#48
En fait c'est pas qu'il ne se passe rien, c'est qu'il se passe beaucoup de trucs. Même franchement un peu trop. Du coup ce n'est pas très équitable, qu'il se passe beaucoup trop de trucs ailleurs et rien du tout ici.
Finir Transhumances. Fiction pour France Culture, à quand remonte la commande je préfère même pas y penser. Premier tiers définitif achevé, seulement le premier tiers je vais me pendre sous peu. Une pièce radiophonique ça veut dire une intrigue structurée, incarnée. Soit : raconter une histoire qui est obligée d'en être une *avec des vrais dialogues dedans*. Et puis des points d'exclamation partout, des points d'interrogation, des par trois, de la ponctuation partout, absolument partout. Soudain c'est le cauchemar.

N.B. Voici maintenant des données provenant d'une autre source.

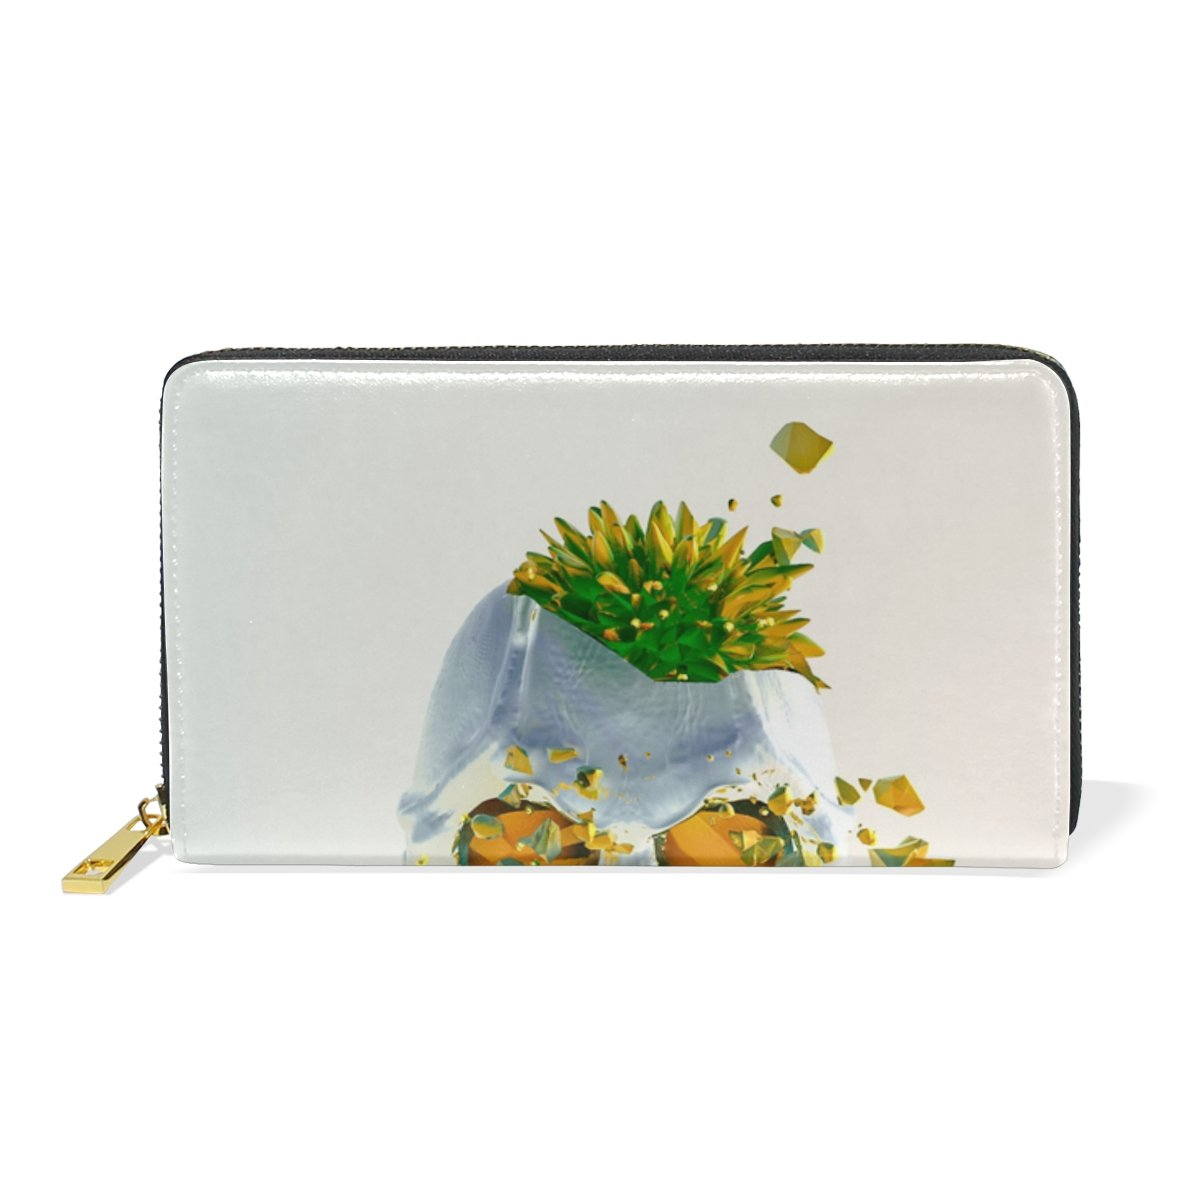 5d8fd7e859b1 POUKE Pineapple Skull Leather Women's Wallet Card Case Organizer ...

Faire le montage des Chants de Maldoror pour que ça tienne en trois émissions, dégainer les ciseaux d'habitude j'ai pas de mal, mais là y a comme un petit blocage, genre surmoi mon ami quand tu nous tiens, limite la psychose de l'usurpation qui me fait de jolis coucou, quand je dis qu'il se passe des choses c'est pas pour rien, vraiment.
Amorcer la structure de J'habite dans la télévision, le livre. Se demander au passage si c'est un titre provisoire, finalement. Les perfs c'étaient des étapes du work in progress du chantier, une fois que le chantier passe en stade objet, c'est le même cheminement qu'avec Corpus Simsi, c'est sûr. Mais est-ce que ça inclut que je dois garder le titre initial même si entre temps j'en trouve un autre, c'est quand même une question. J'arrive pas à travailler sur un titre provisoire plus de quinze jours, ça me perturbe. Bon pour l'instant j'en trouve pas d'autre, seulement on ne sait jamais. Il vaut mieux se méfier.